What is Amazon like?

From the first day that I worked there, I was ready to quit by the end of the day; it was very high pressure. We didn’t get much training. They have their own little training protocols, but it was basically, we were there for about half an hour and he let us practice the stowing and then just assigned us all to our own individual stations, and we were on our own.

From what I heard, the work is really tiring and really backbreaking. Can you talk a little bit about what it’s like inside the warehouse? What you have to do, and what it does to your body to have to work like that?

It is extremely tiring, I will agree with that. Of course, there’s bending and standing up all the time. There’s a ladder inside my area, cause I do stowing. I’m climbing up and down the ladder, bending up and down, picking up the boxes. When you do that for 10 hours straight and you only have three, maybe 15 minute breaks, it gets really tiring. We have 30 minutes for lunch, but other than that, it’s just the two 15 minute breaks within a 10 hour time period. Me being a diabetic, I don’t even have time to really check my sugar and make sure that I can get something to snack on in that amount of time. As with any warehouse, they have to meet a quota. You will have the certain quota that you have, and if you don’t meet your quota, I believe it was three times, then they will terminate your employment. It’s a near-impossible quota. I remember how much I was struggling from the first day to try to reach that quota. You’re just trying, you’re going as fast as you possibly can, but you still can’t. They will time the amount of time in between each item, and if you take too much time, they’ll notice that immediately.

This week, there are all these tweets that came out from the vice president of Amazon. What do you have to say to folks who believe that the conditions at Amazon are good?
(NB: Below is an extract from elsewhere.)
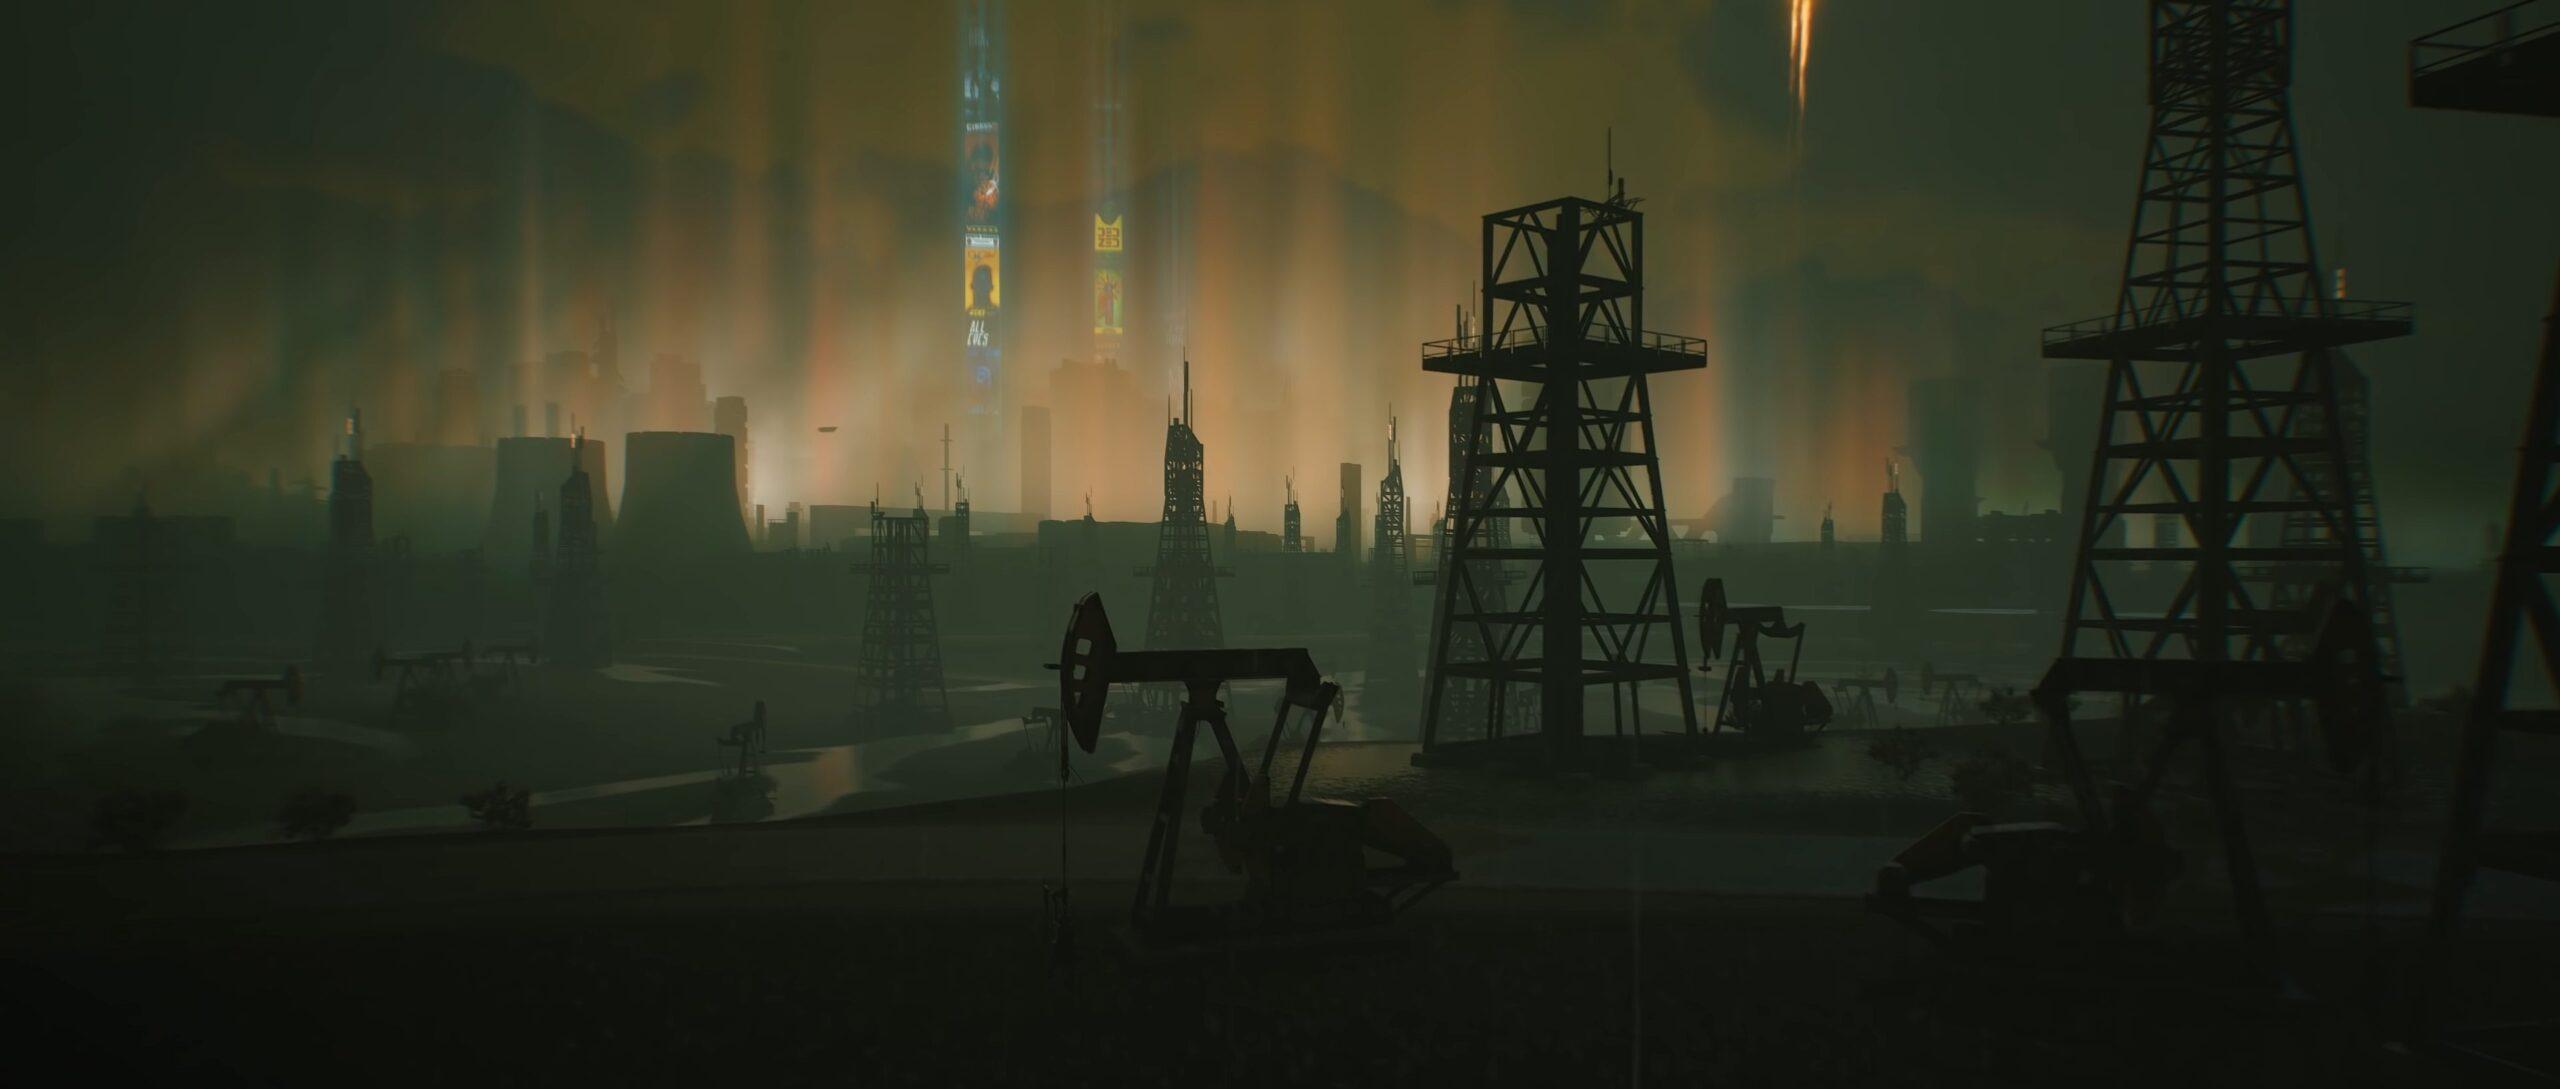 Cyberpunk 2077 interview inspiration night city

I’ll just say that there’s a lot of things that go on behind closed doors. When you don’t work there, you’ll believe a lot of things that you see in other places. When you’re working with workers who will use their paid time off, just to be able to get five more minutes on their break, then you’ll start to realize that a lot of the things that they’re saying, they’re saying to try to cover up why we need a union. You’ll start to realize that a lot of the people that are working there higher up, they just want their money. They’ll say anything that they can to keep their money and keep the workers from joining the union.

Let’s talk about that. What’s it been like for the unionization effort, what’s been experienced inside the warehouse?

Inside the warehouse, most of the workers don’t talk about it, but I feel that’s mainly because most of the workers don’t have time to talk about anything. We’re all separated in our stations, and if we don’t reach our quota, we could jeopardize our jobs. We don’t tend to talk to each other unless we’re on breaks, and we don’t have a lot of time to do that. In the warehouse, they have pieces of paper that are set up on the tables, listing all the reasons that they believe that you shouldn’t join a union and telling you to vote no. They will text you several times a day telling you to vote no. Telling you about maybe just one person like, “Oh, well, John has been working at Amazon for so-and-so amount of time, and he loves it!” And they will send you those stories and tell you that because of those stories, you should vote no on the union. No matter how compromised you are, they want you to sacrifice it for maybe those two or three workers that they interviewed that actually like it there.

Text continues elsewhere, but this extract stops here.